Module 5: Entity Management
Key Terms
-
Enriched Entities - An enriched entity is a composite data structure that combines and enhances data from multiple canonical entities, incorporating additional business logic, transformations, and relationships to provide a more comprehensive and refined dataset for analysis and reporting.
-
Data Flow - A data flow can be defined as a structured representation of the movement and transformation of data within a system.

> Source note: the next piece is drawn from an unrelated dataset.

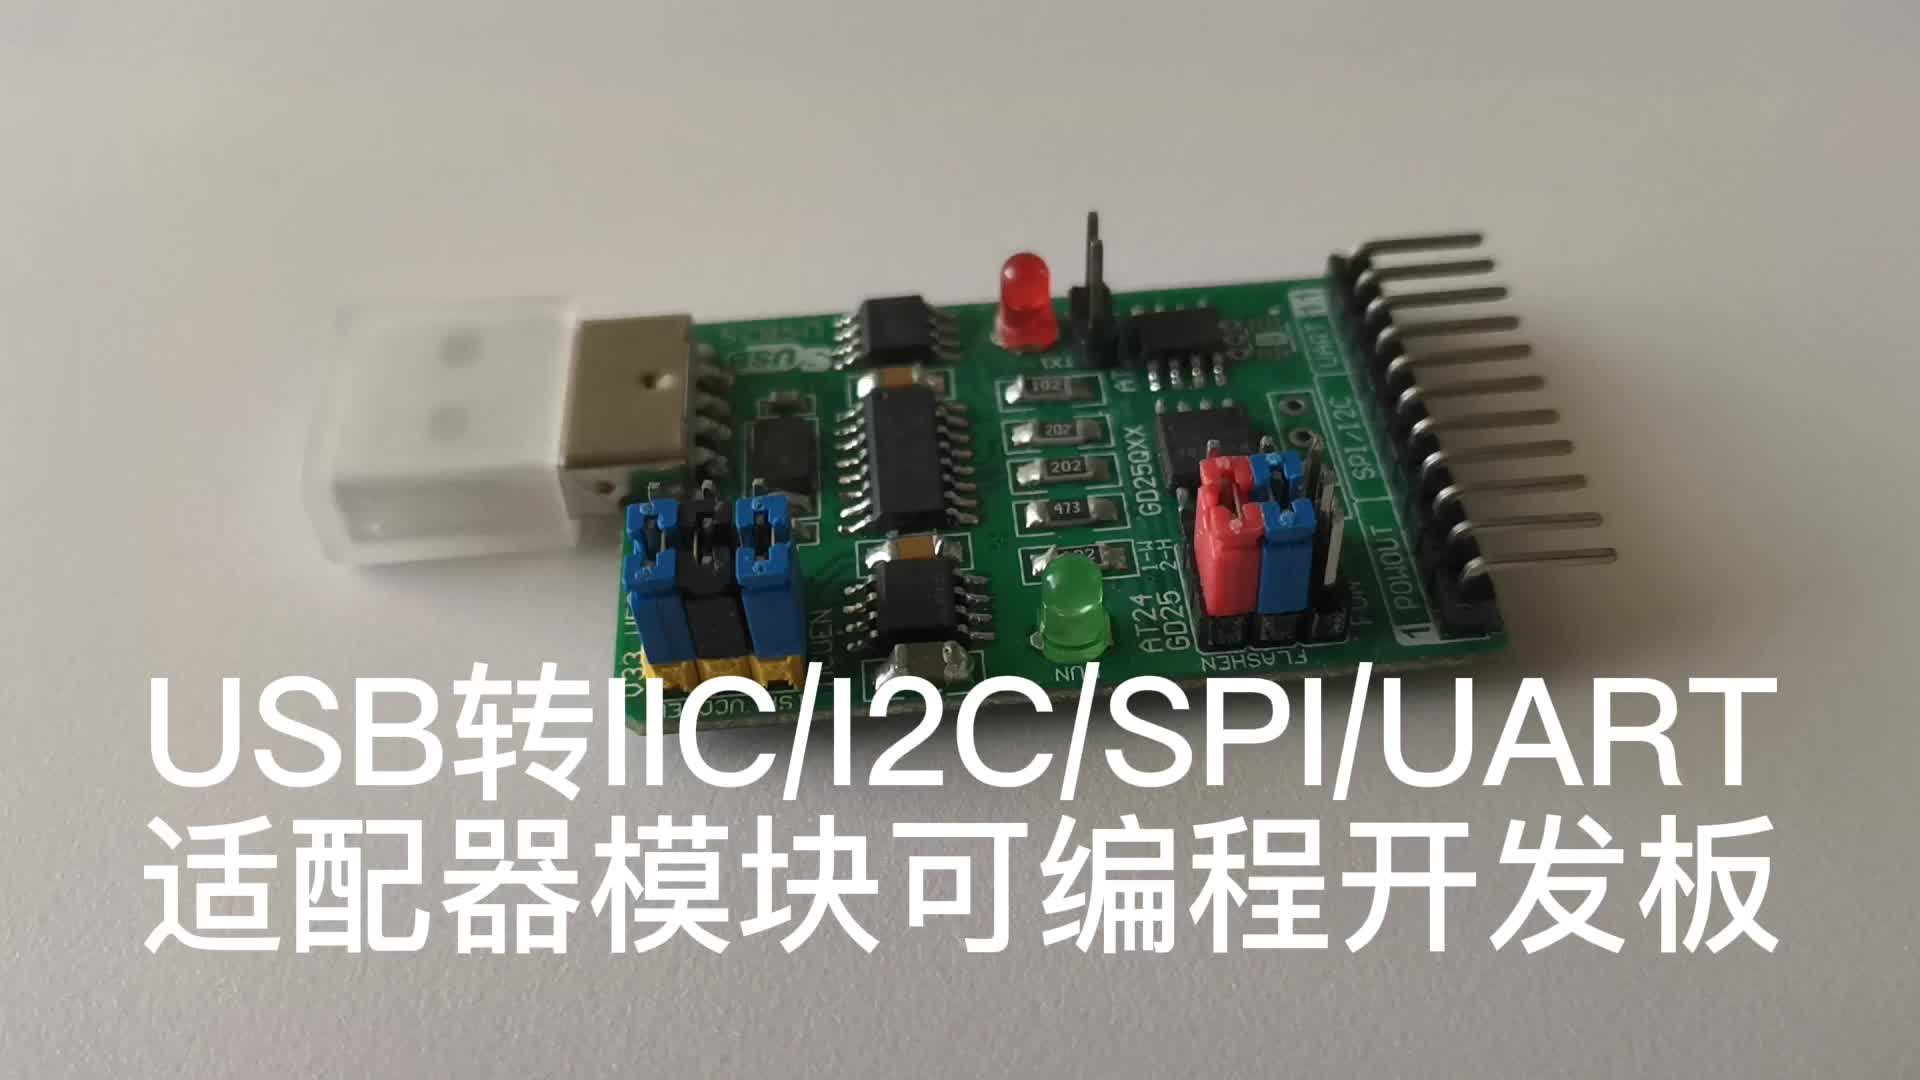 USB转IIC I2C SPI UART适配器模块可编程开发板简单易开发 #嵌入式开发

It illustrates how data travels from source to destination, including any intermediate processing steps, transformations, and storage points.
-
Parent-child entities represent a hierarchical relationship where the parent entity contains one or more child entities.
-
Parent Entity: The main entity that holds general information.
- Example: In a company database, the Department entity can be a parent.
-
Child Entity: Subordinate entities that hold more specific information related to the parent entity.
- Example: Within the Department entity, Employee entities can be children, representing employees within that department.
This structure helps organize data logically and manage relationships effectively.
Pre-requisites
Before proceeding with entity reconciliation, ensure that you have completed the following steps:
- Generate Mappings to create the necessary entities and attributes. Refer to the section for detailed instructions.
- Perform Canonical Data Modeling to structure your data. Refer to the section for guidance.
- Implement necessary Data Quality improvements to ensure data integrity and accuracy.
Entity Management
Entity management involves reconciling entities and creating relationships to ensure data consistency, integrity, and accurate representation of real-world interactions across systems.
Entity Management Flow
- Generate Parent-child entities entities.
- Discover Relationships between entities and their attributes (Add or Edit relationships).
- Create new entities from system entities.
Entity Reconciliation
Entity Reconciliation involves generating groups of parent-child entities. Follow these steps to manage your entities:
-
Generate Relationships:
- Click on "Generate Relationships" to create core entities, which form parent groups (blue box), and sub-entities, which are child entities of a parent group (grey box).
-
Modify Child Entities:
- Drag and Drop: Drag and drop child entities between groups.
- Dropdown Menu: Add entities from the dropdown menu.
- Dropdown Box: Enter entities from the dropdown box.
-
Modify Parent Entity Names:
- Click on the blue box three times to rename the parent entity.
-
Add New Parent-Child Entities:
- Use the "Add Parent & Child Entities" button to create new groups.
- Delete Reconciliation:
- Click "Delete Reconciliation" to reset all parent-child entities and restart the generation process.
Generating and Storing Data Flow
To generate a data flow for creating enriched entities, follow these steps:
-
Generate Data Flow:
- Click the "Generate Data Flow" button.
- This action generates the logic and relationships for the enriched entities.
-
Store to Database:
- After the data flow is generated, review the logic.
- Click the "Save to Database" button to store the generated data flow to the database.
Discover Relationships
In this phase, you identify and create relationships between different entities, determining the cardinality such as one-to-one or one-to-many.
-
Select Core Entity:
- Choose a core entity from the dropdown menu.
-
Generate Relationships:
- Click the "Generate Relationships" button to allow the LLM to identify potential relationships between entities.
-
Review Relationships:
- The identified relationships will be listed with details including left entity, left attribute, right entity, right attribute, and cardinality.
-
Edit and Fine-Tune:
- Manually adjust the relationships if needed.
- Use the "New Entity Relationship" button to add new relationships.
-
Check Cardinality:
- Determine and verify the cardinality (e.g., one-to-one, one-to-many) for each relationship.
-
Show Data Model:
-
Click the "Show Data Model" button to view the relationships between entities visually.
-
-
Add New Entity Relationships:
- Click the "New Entity Relationships" button to include additional entities as needed.
Enriched Data Models
In this final step, users can edit and create relationships between sub-entities to form new core entities that may not have been generated by the LLM.
Enriched Data Entities
In this section, you can create new enriched entities from canonical entities. Follow these steps:
-
Provide Entity Details:
- Enter an entity name and description.
- Use the @ symbol in other fields to see the available options.
-
Generate Code:
- Click on the "Generate Code" button at the bottom of the screen to generate the new entity.
-
Execute Code:
- Click on the "Execute" button in the code block to create the new entity and store it in the data lake.
-
Data Preview and Storage:
- You can preview the data using the "Data Preview" button.
- Store the data into a data warehouse by clicking on the "Data Warehouse Load" button.